黃昏的時候稍微消停點兒,小呂自己去了片區。他手頭有個案子。有人報警說鄰居在家裡製毒,我沒怎麼考慮就把這案子交給了小呂。開始他挺興奮的,像是張網以待,翹望已久,終於來了條大魚。涉案的那棟樓我知道,教育局蓋的,裡面住的都是中學老師。報案人是位退休的校長,信誓旦旦地說,以他對化學知識的豐富掌握,完全能夠透過陽臺上飄來的怪味兒做出判斷。他的鄰居也是一對教師,兩口子帶著個十多歲的孩子,女主人倒還真是個教化學的。可查來查去,一點兒證據都沒有。小呂不太甘心,加上老校長半年報了五十多次警,這個案子就成了小呂的心事。他不覺得我們就只能寫寫安民告示、追回一輛“世界上最漂亮的電動車”。也倒是,前幾天別的片區還發生了大案子,幾個女孩把個酒吧老闆捅了足有幾百刀。
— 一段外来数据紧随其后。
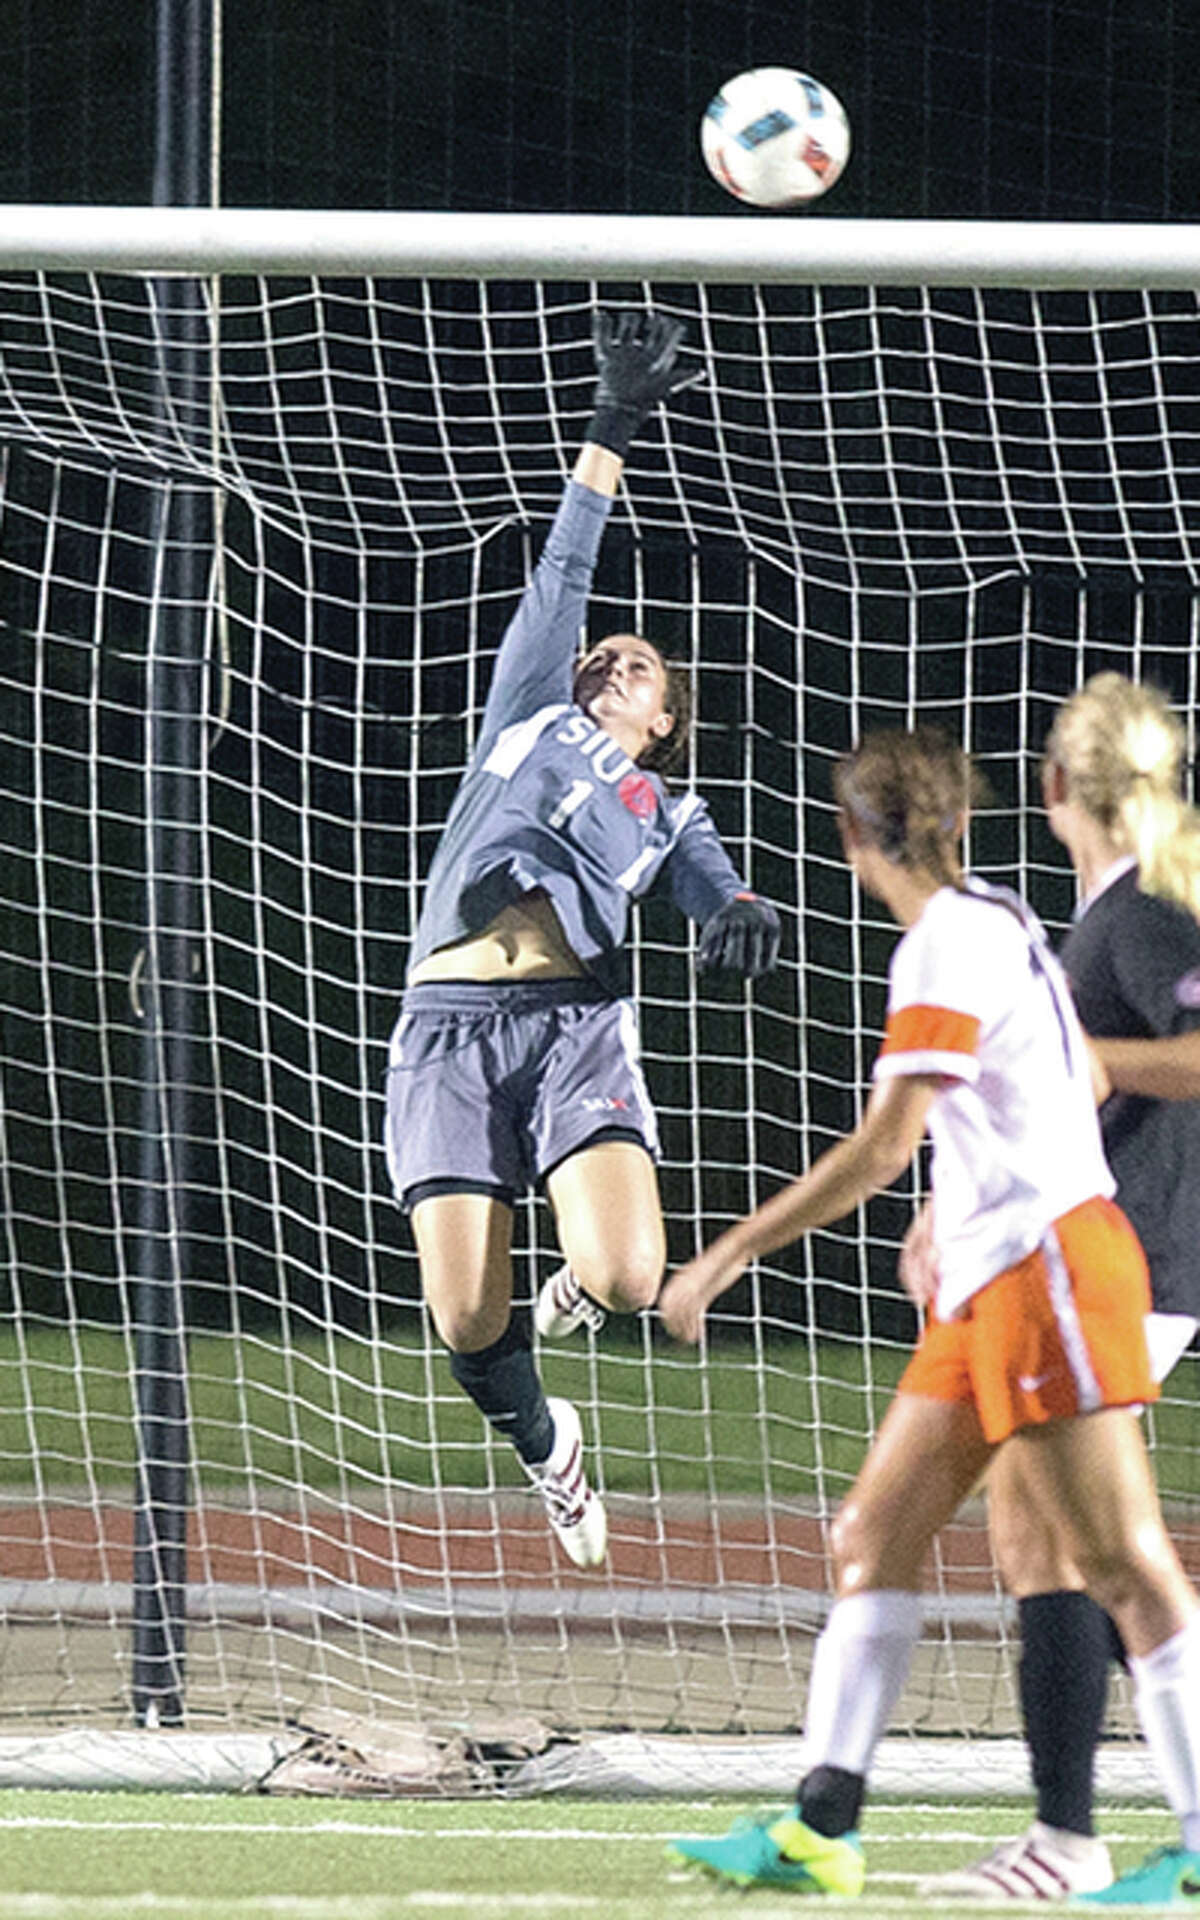 SIUE goalie Juli Rossi made nine saves, including one in sudden-death penalties, helping the Cougars oust No. 11-ranked Notre Dame in the first round of the NCAA Division I Women’s Soccer Tournament Friday night at Notre Dame. She is shown making a save in action earlier this season.

回來後小呂眉頭不展。他說他又趴在老校長家的陽臺上聞了半天,隔壁飄來的只有紅燒肉味兒。我想的卻是這會兒的陽臺上怕是得有五十度的高溫。不知怎麼,這個夏天我總是覺得夜晚比白天更難熬。白天的熱正大光明,不由分說,但晚上的熱卻顯得沒有道理。沒有道理,就熱得更加令人不堪忍受。

那天晚上社群的活動就是廣場舞表演。實際上圍觀的人並沒有他們想象的那麼多。他們高估了自己的風頭。過去後看了看情況,安排幾個保安維持秩序,我和小呂徒步去人員密集的場所巡邏。小呂懂事,他以見識過真正酷暑的火焰山人的善意,讓我儘量鑽到商場裡去,巡街的苦差由他來幹。真是熱啊。巡邏時還得紮起腰帶、戴上帽子。從商場走到街上,我感覺會被燙一下。從街上進到商場,我又感覺會被凍一下。每次進出,心裡都一驚一乍,讓人畏縮。我本來是農大畢業的,“解民生之多艱”是我們的校訓。眼下乾的活兒,冷熱交替,打擺子一樣,讓我覺得真是“多艱”。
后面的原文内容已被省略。